**Data supplied**:
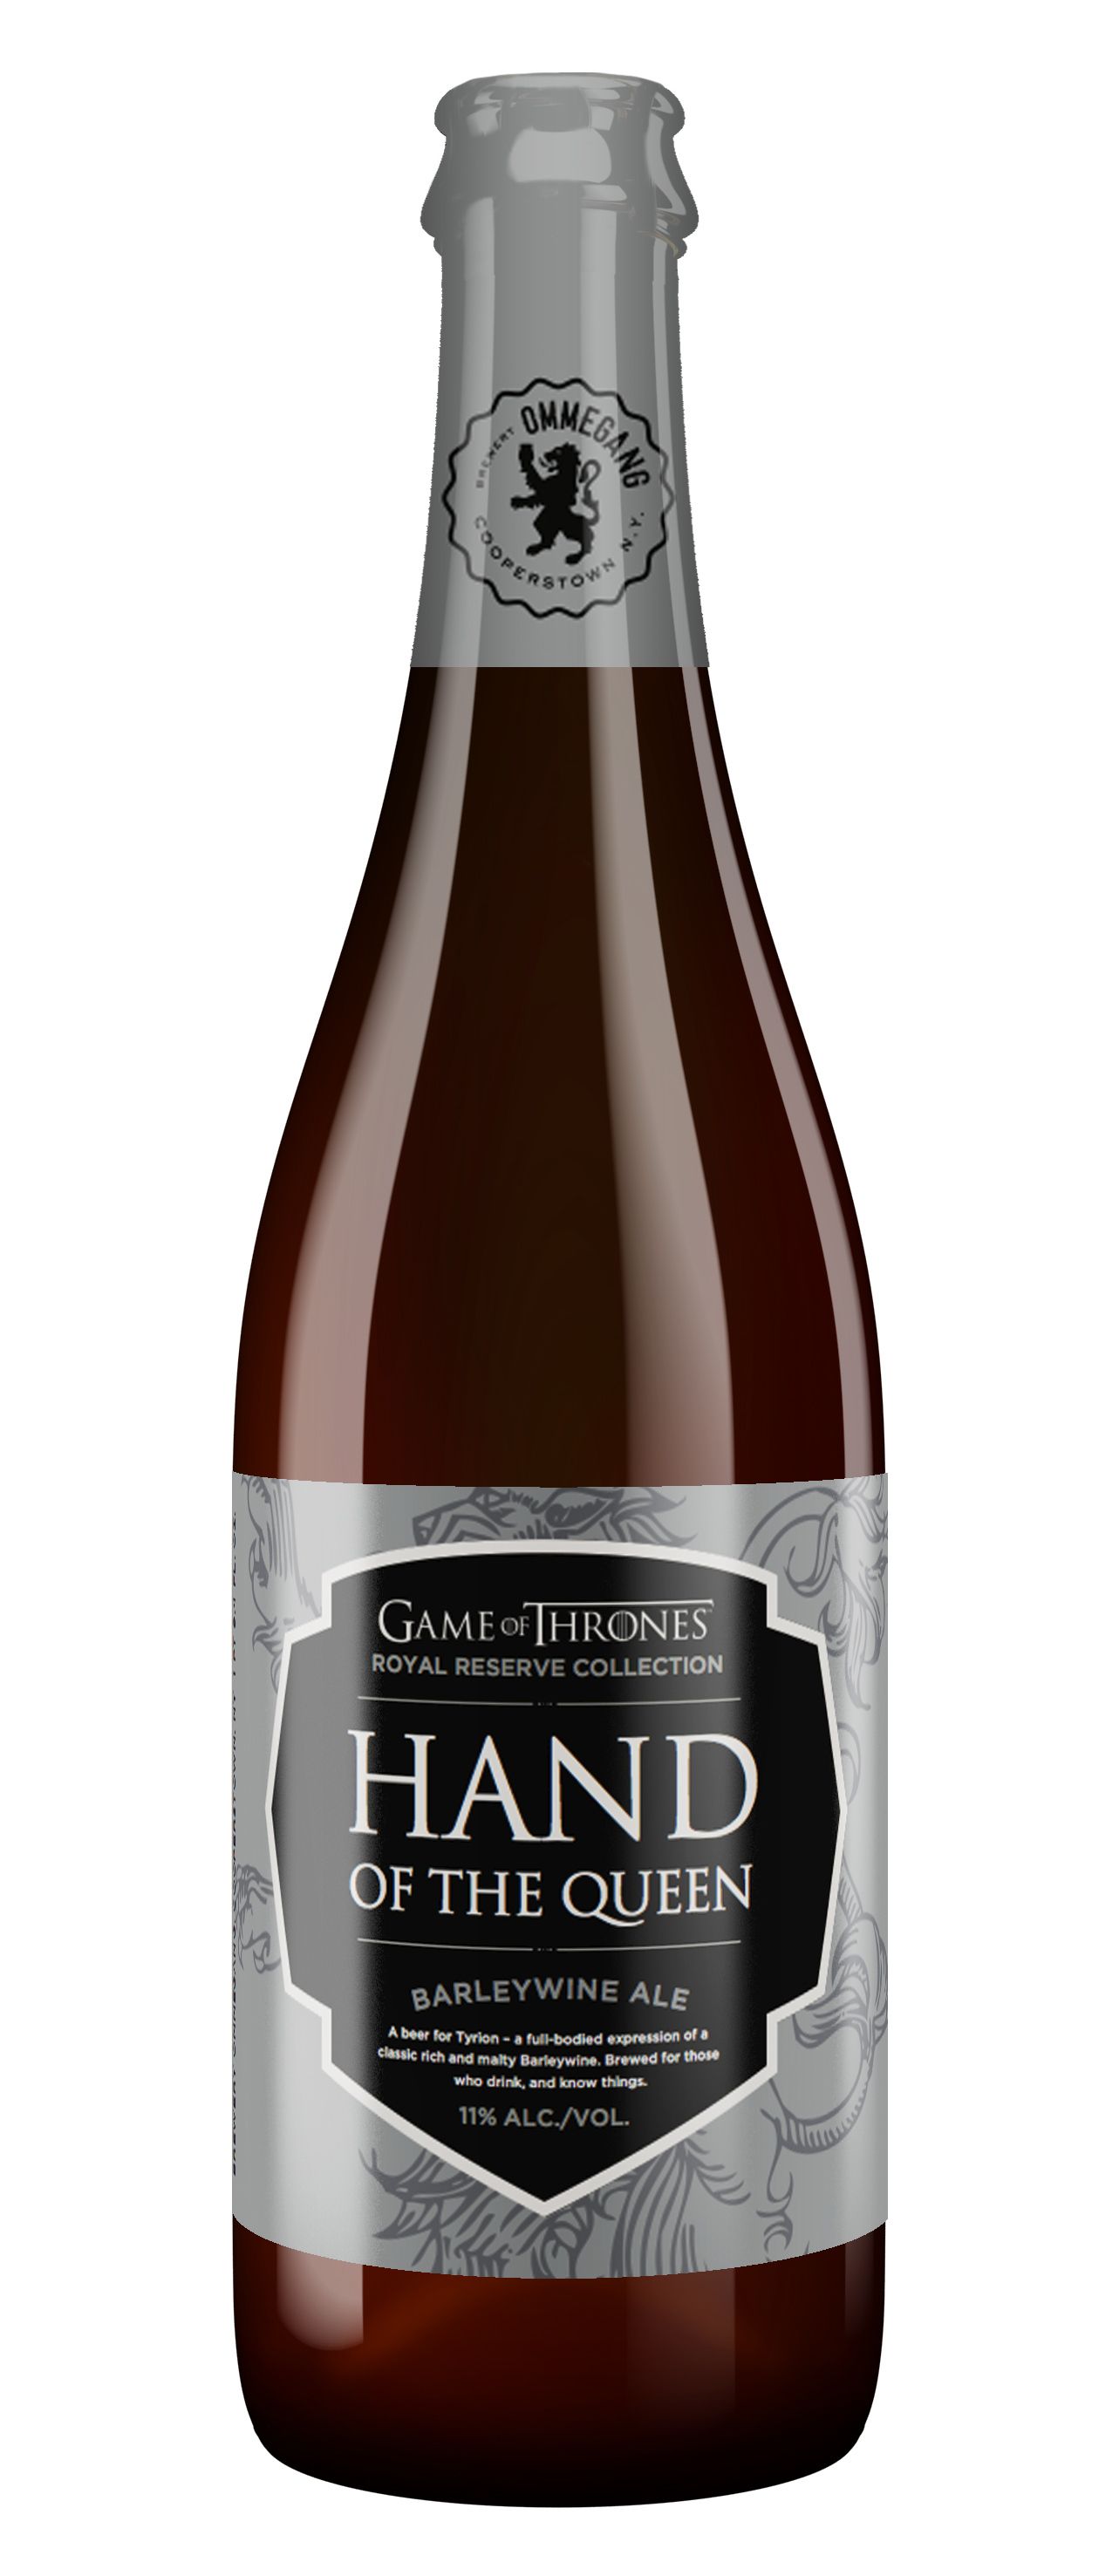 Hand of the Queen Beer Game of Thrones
==
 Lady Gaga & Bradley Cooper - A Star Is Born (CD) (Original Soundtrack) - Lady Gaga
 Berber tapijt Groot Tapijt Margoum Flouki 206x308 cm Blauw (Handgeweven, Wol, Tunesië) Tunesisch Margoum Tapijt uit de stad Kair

**Goal of the exercise**:
In the listing above, the lines from the one containing "Lady Gaga &" through the one containing "Berber tapijt Groot" must be set down exactly, with no other lines.

**Answer for this exercise**:
 Lady Gaga & Bradley Cooper - A Star Is Born (CD) (Original Soundtrack) - Lady Gaga
 Berber tapijt Groot Tapijt Margoum Flouki 206x308 cm Blauw (Handgeweven, Wol, Tunesië) Tunesisch Margoum Tapijt uit de stad Kair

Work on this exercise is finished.